Why should hashtable size be prime number?

  • Lets say our hashtable size is 100 (which is NOT a prime number).
  • Say we wish to hash some value x and its multiples 2x, 3x, 4x and so on. If x was = 2 then {2, 4, 6, 8, .., inf} would be our values. Since our hashtable is of size 100, only 50% buckets would be occupied.
  • If x was = 3 then {3, 6, 9, 12, …, inf} would be our values. Only 33% would be occupied.
  • I hope you see the problem there ^. We want a situation where for any key would be spread across buckets in the whole table and not just some % of the table.
  • To formalize, for any x, your values are going to be spread in s number of buckets (given by the formula below).
    spread (s) = table_length / GreatestCommonFactor(table_length, x)

    table_length = 10
    x = 2

    s = 10 / GreatestCommonFactor(10, 2)
    s = 10 / 2
    s = 5

    Meaning values will be spread only in 5 out of 10 buckets (i.e. 50% of the table)
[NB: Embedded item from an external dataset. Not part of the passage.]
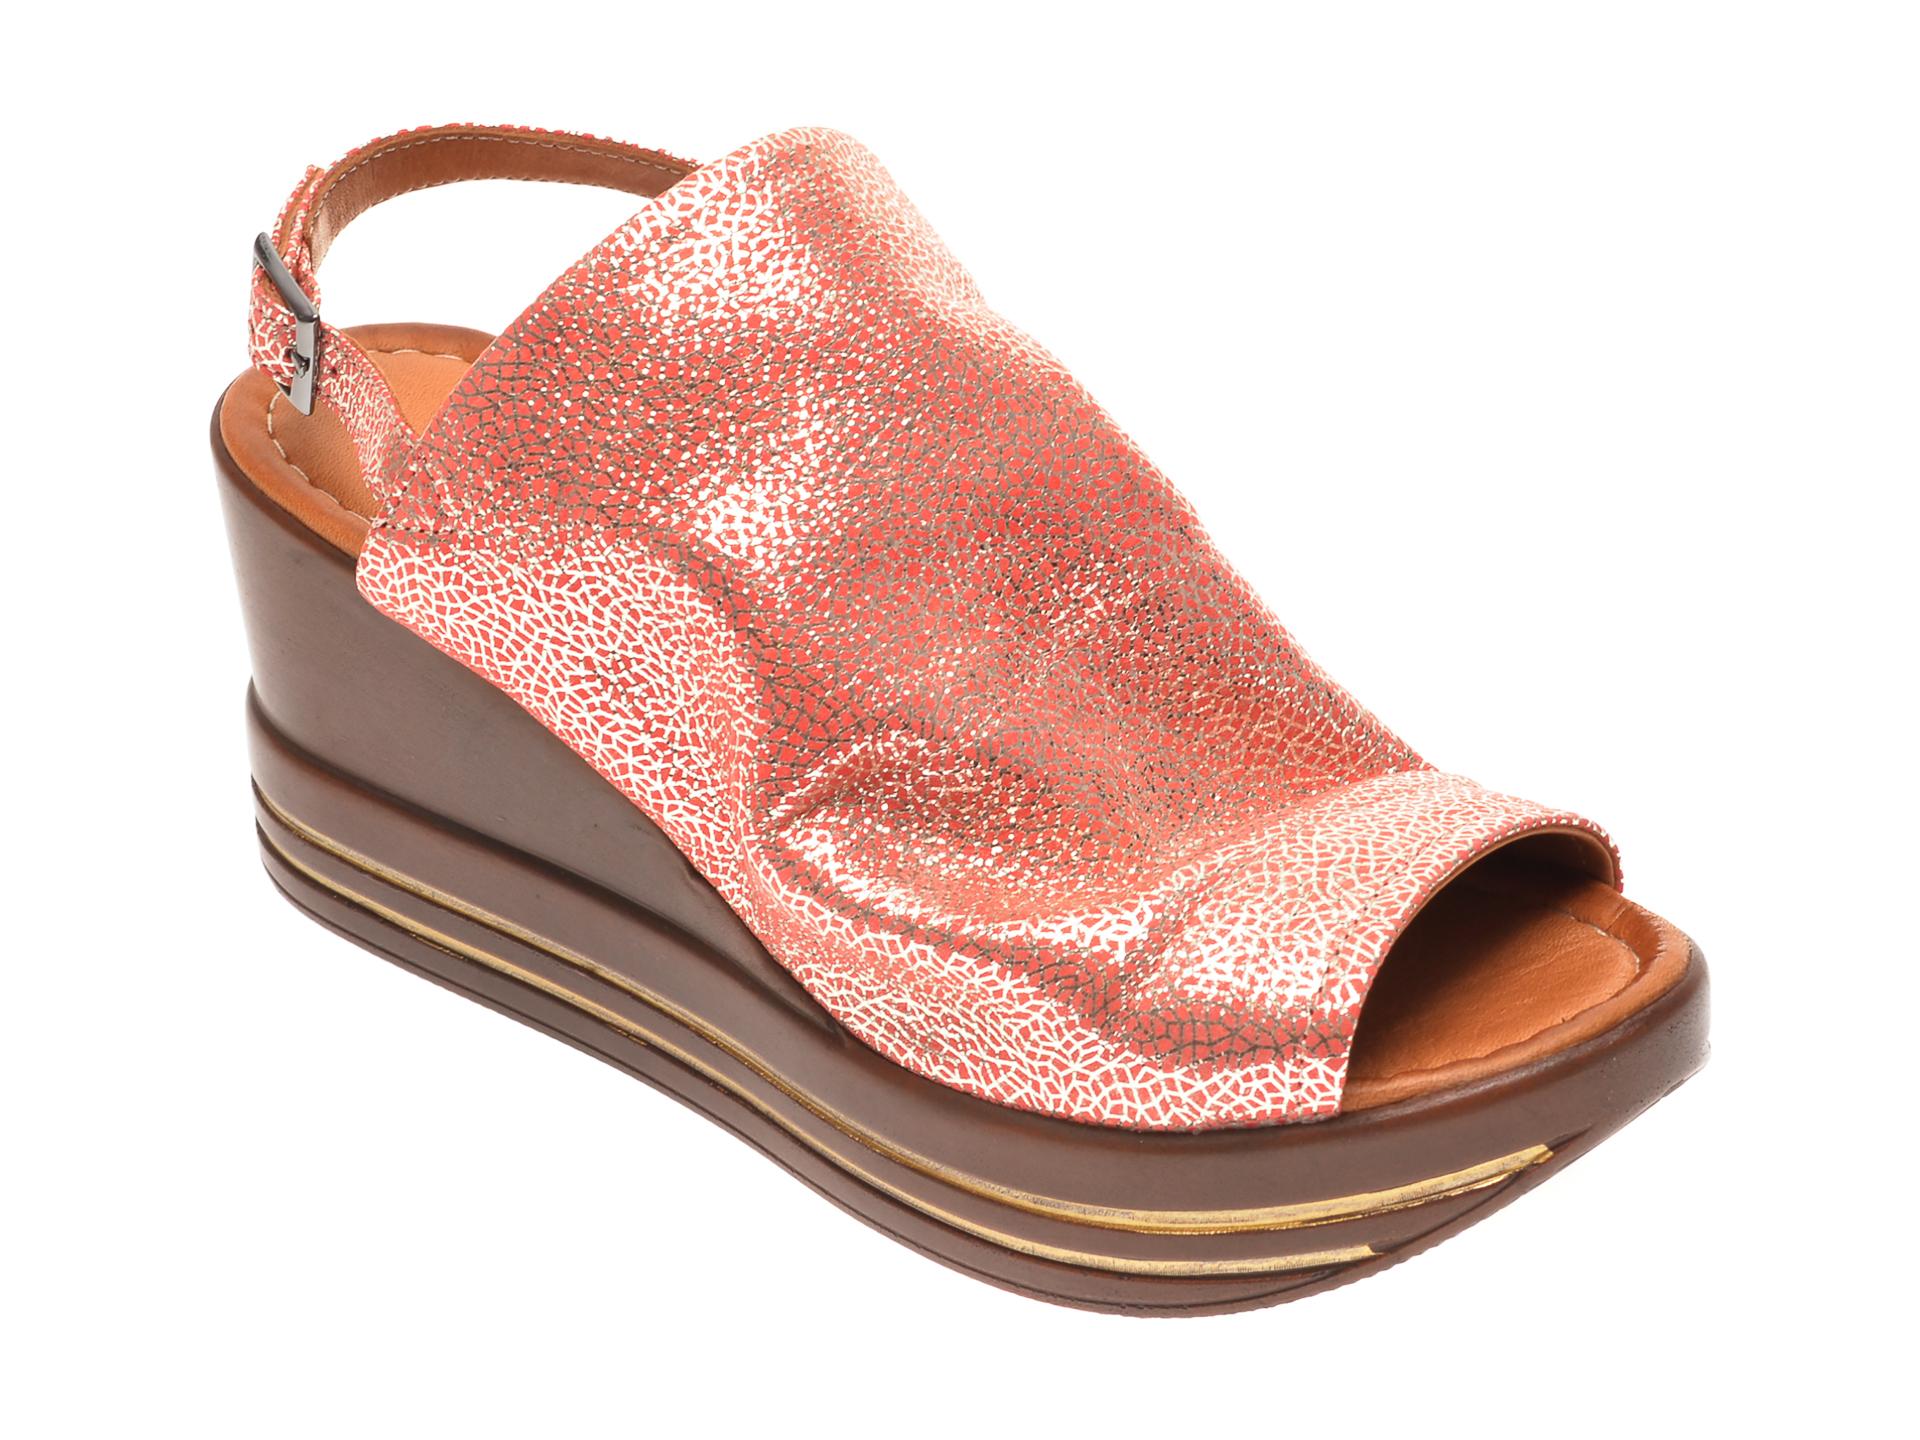 Sandale FLAVIA PASSINI roz, 1182725, din piele naturala

  • We need GreatestCommonFactor(table length, x) to be 1 if we want to spread (s) to be table length (meaning map to all buckets in hashtable). So lets make x and table length co-prime1 for which we need to make table length prime!

[1] In number theory, two integers a and b are said to be coprime if the only positive integer that divides both of them is 1.